CVE-CWE Root Cause Mapping Dataset Requirements¶

Overview

This section outlines the requirements for creating a comprehensive benchmark dataset for CVE-CWE Root Cause mapping.

Table of Contents¶

CVE-CWE Root Cause Mapping Dataset Requirements
Table of Contents
Coverage Requirements
Quality Requirements
Data Sources
- Datasets
- CVE Info
Validation
References
ToDo

Coverage Requirements¶

REQ_COVERAGE_PRACTICAL_CWES: The dataset MUST include all CWEs used in practice i.e. a CWE is used in at least 1 published CVE(s) (approximately 400-500).

REQ_COVERAGE_CWE1003_VIEW: The dataset MUST include all CWEs in CWE-1003 view (approximately 130).

REQ_COVERAGE_TOP25_CWES: The dataset MUST include all CWEs in https://cwe.mitre.org/top25/ from 2019 to current 2024 CWE Top 25.

See https://github.com/CWE-CVE-Benchmark/CWE_analysis/blob/main/data_in/Top25_per_year.tsv that lists these Top25 per year.

REQ_COVERAGE_ALL_CWES: The dataset MAY include all CWEs (approximately 1000).

REQ_COVERAGE_RECENT_CVES: The dataset SHOULD include mostly CVEs from recent CVE publication years to reflect current reality. The dataset should be expanded in reverse chronological order until sufficient examples are collected for each targeted CWE class.

REQ_COVERAGE_MIN_ENTRIES_PER_CWE: The dataset MUST include at least 5 entries per CWE (if such CVE examples exist).

REQ_COVERAGE_DIVERSE_DESCRIPTIONS: For a given CWE, the dataset MUST include CVE Descriptions that are sufficiently different per CVE Description, measured quantitatively using fuzzy and semantic similarity against a threshold.

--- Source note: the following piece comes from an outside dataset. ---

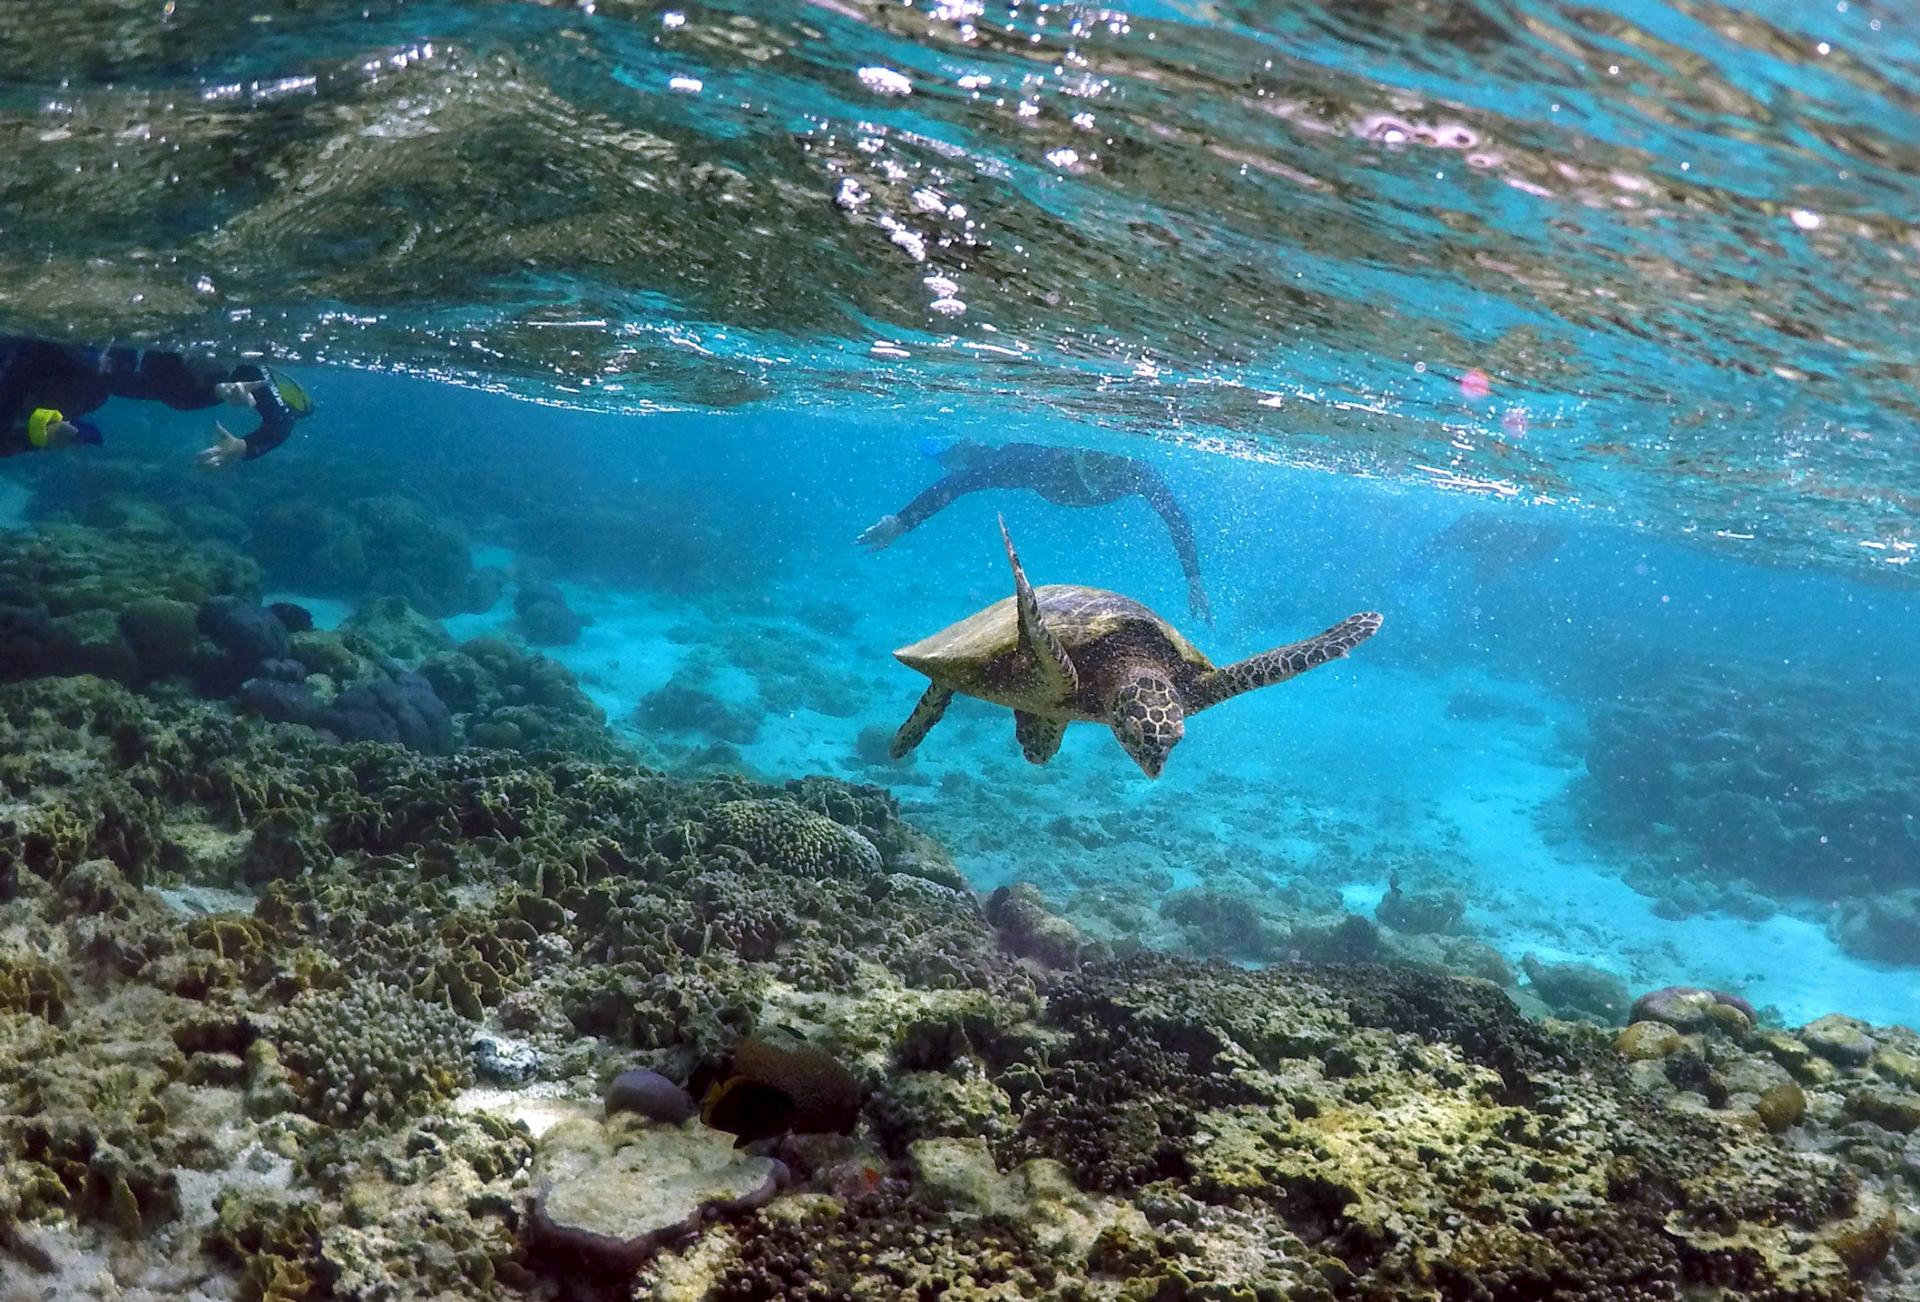 Tourists snorkel near a sea turtle as it looks for food amongst the coral.

REQ_COVERAGE_MULTIPLE_CWES: The dataset MUST include CVEs with multiple CWEs assigned, as reflected by the Top25 datasets.

REQ_COVERAGE_REF_CONTENT_RAW: The dataset MUST include CVE Reference Link Content as the raw content in text format.

REQ_COVERAGE_REF_CONTENT_SUMMARY: The dataset MUST include CVE Reference Link Content as a summary (e.g., as in https://github.com/CyberSecAI/cve_info_refs).

REQ_COVERAGE_LICENSE: The dataset MUST include a LICENSE as agreed by MITRE CWE.

REQ_COVERAGE_README: The dataset MUST include a README.

REQ_COVERAGE_MAINTENANCE_PLAN: The dataset MUST include a documented Maintenance Plan.

REQ_COVERAGE_CHANGE_TRACKING: The dataset MUST include change tracking and full history (e.g., via GitHub).

REQ_COVERAGE_VALIDATION_PROCESS: The dataset MUST include a documented validation process/script that automatically validates the dataset meets the requirements.

REQ_COVERAGE_FEEDBACK_PROCESS: The dataset MUST include a documented feedback process.

REQ_COVERAGE_SEMVER: The dataset MUST use Semantic Versioning.

REQ_COVERAGE_KEYPHRASES: The dataset SHOULD include the CVE Description Vulnerability KeyPhrases (e.g., as in https://github.com/CyberSecAI/cve_info).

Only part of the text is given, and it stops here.